For a history of the textbook controversy, see:
Mark Selden and Yoshiko Nozaki, “Japanese Textbook Controversies, Nationalism, and Historical Memory: Intra- and Inter-national Conflicts”.
Two key organizations involved in the textbook controversy in recent years are the Japanese Society for History Textbook Reform, which has produced controversial nationalistic textbooks since its establishment in 1996. The organization Children and Textbooks Japan Network 21 was established in 1998 to “continue the achievements of Ienaga Saburo and his textbook trials”. There have been attempts to write joint textbooks in East Asia, including A History to Open the Future (available on Kindle) produced by Chinese, Korean and Japanese scholars. A New Modern History of Asia (free pdf download) is another.
History Education
History education is what goes on in the classroom. It includes the reading of history textbooks, but also includes things like school visits to peace museums, the usage of supplementary materials by history teachers, invited talks at schools by members of the war generation, and references to war in other subjects, particularly Kokugo (Japanese) and Dotoku (morals). In history education, the priorities and perspectives of history teachers can come to the fore.

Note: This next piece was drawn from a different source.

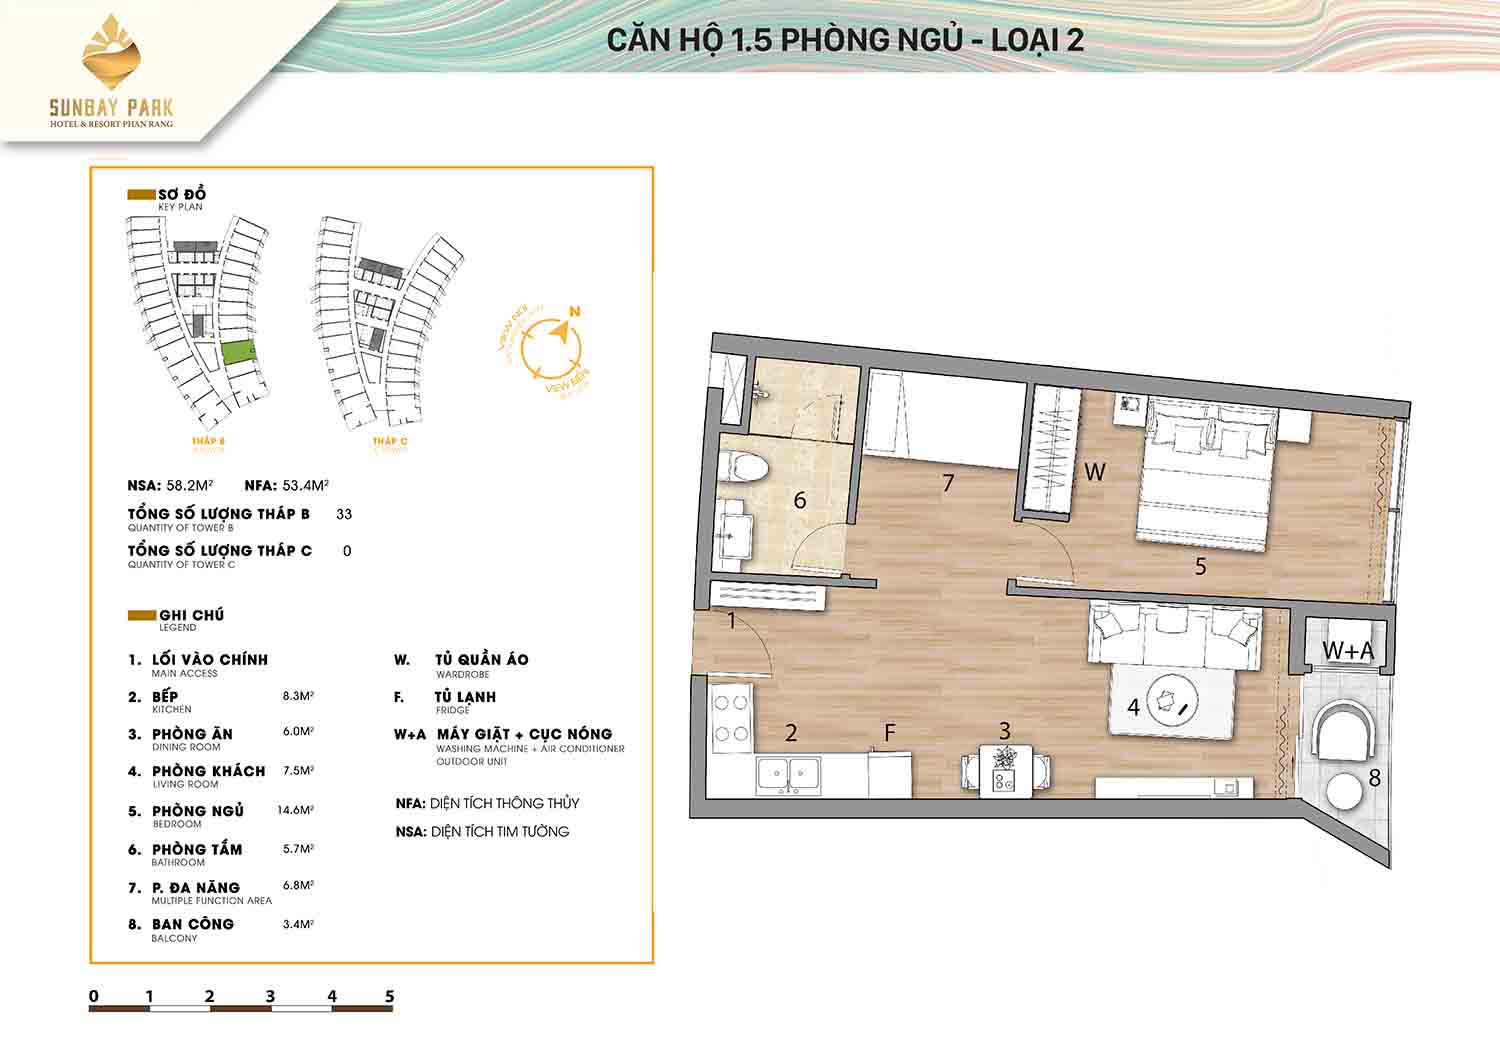 Thiết kế căn hộ 1,5 phòng ngủ 58m2 dự án Sunbay Park Phan Rang Ninh Thuận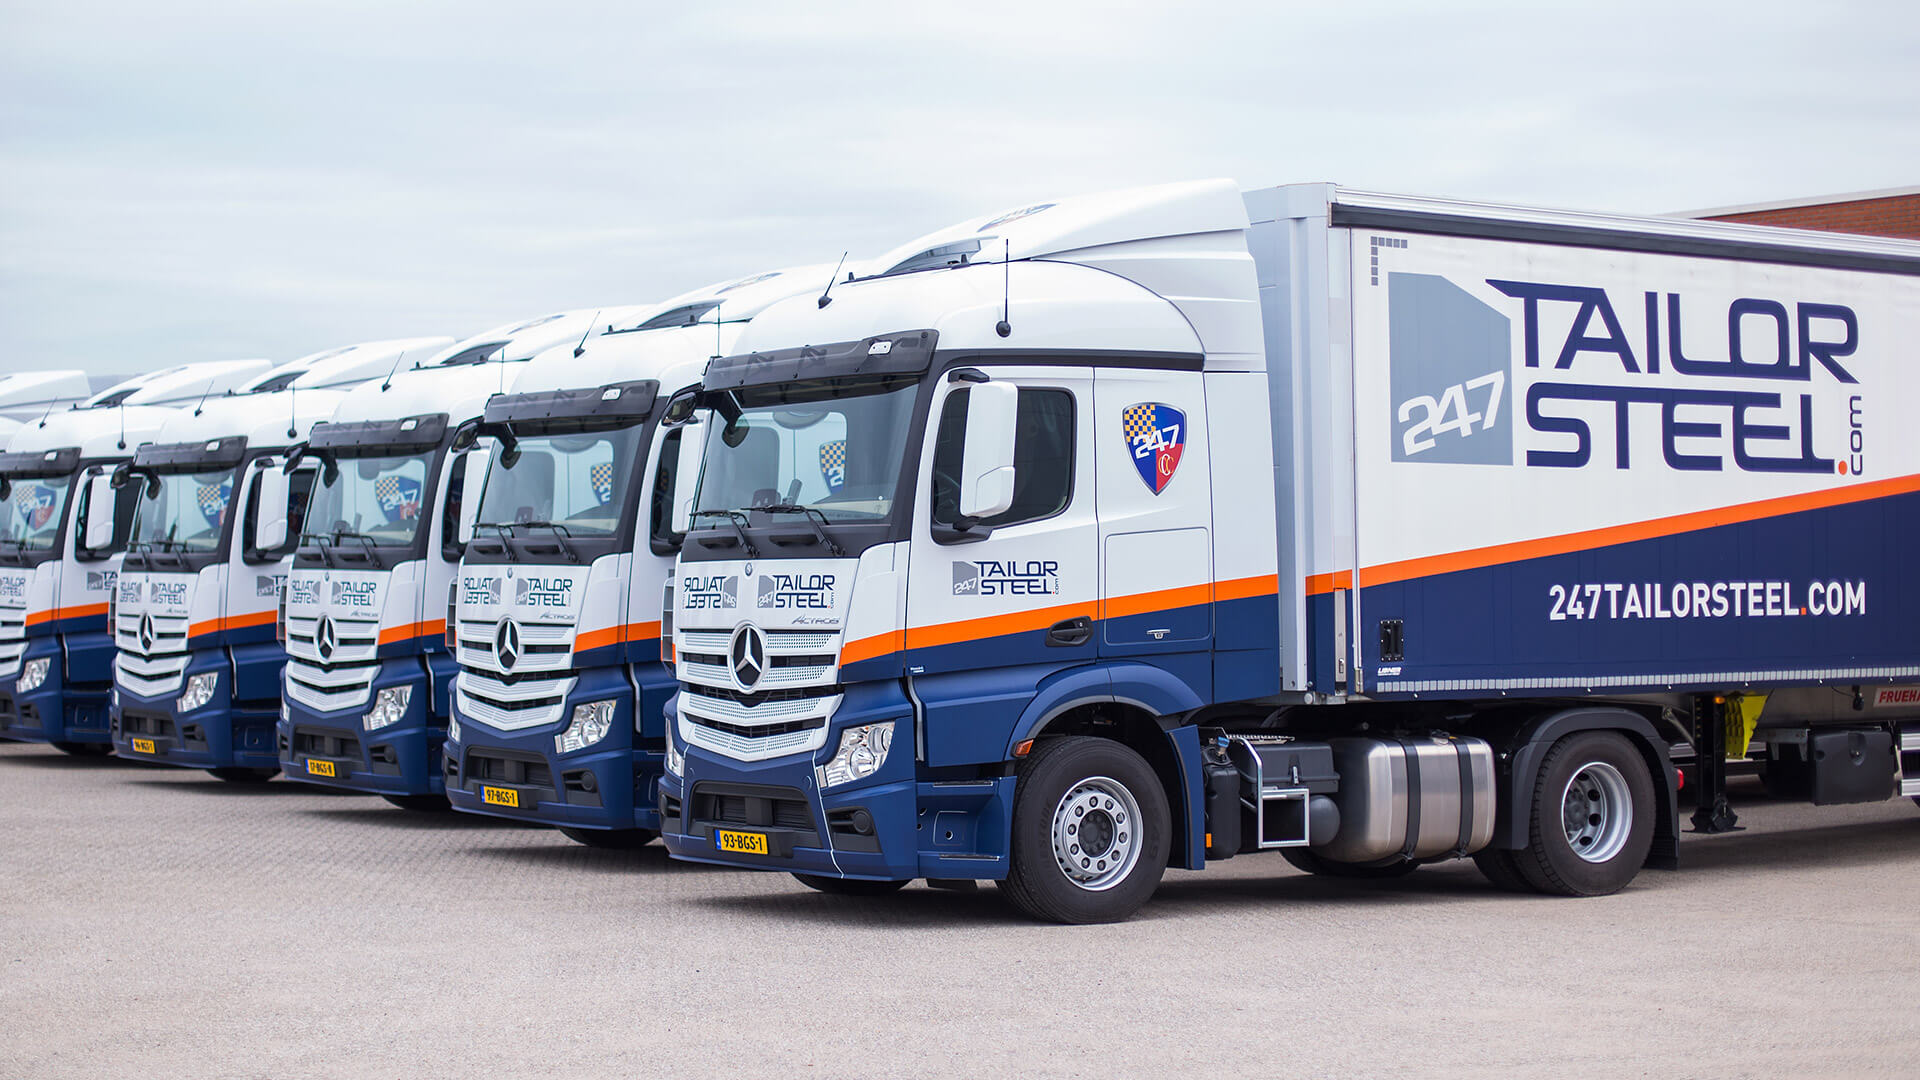 Our own logistics fleet

In addition to the pages Peace Museums and Hiroshima (I) within this website, see the following:
Philip Seaton and Kurahashi Ayako, “War Responsibility and the Family in Japan: Kurahashi Ayako’s My Father’s Dying Wish”.
I have developed these arguments most fully in Chapter 6 of Japan’s Contested War Memories and my article “Reporting the 2001 textbook and Yasukuni Shrine controversies: Japanese war memory and commemoration in the British media” (not open access).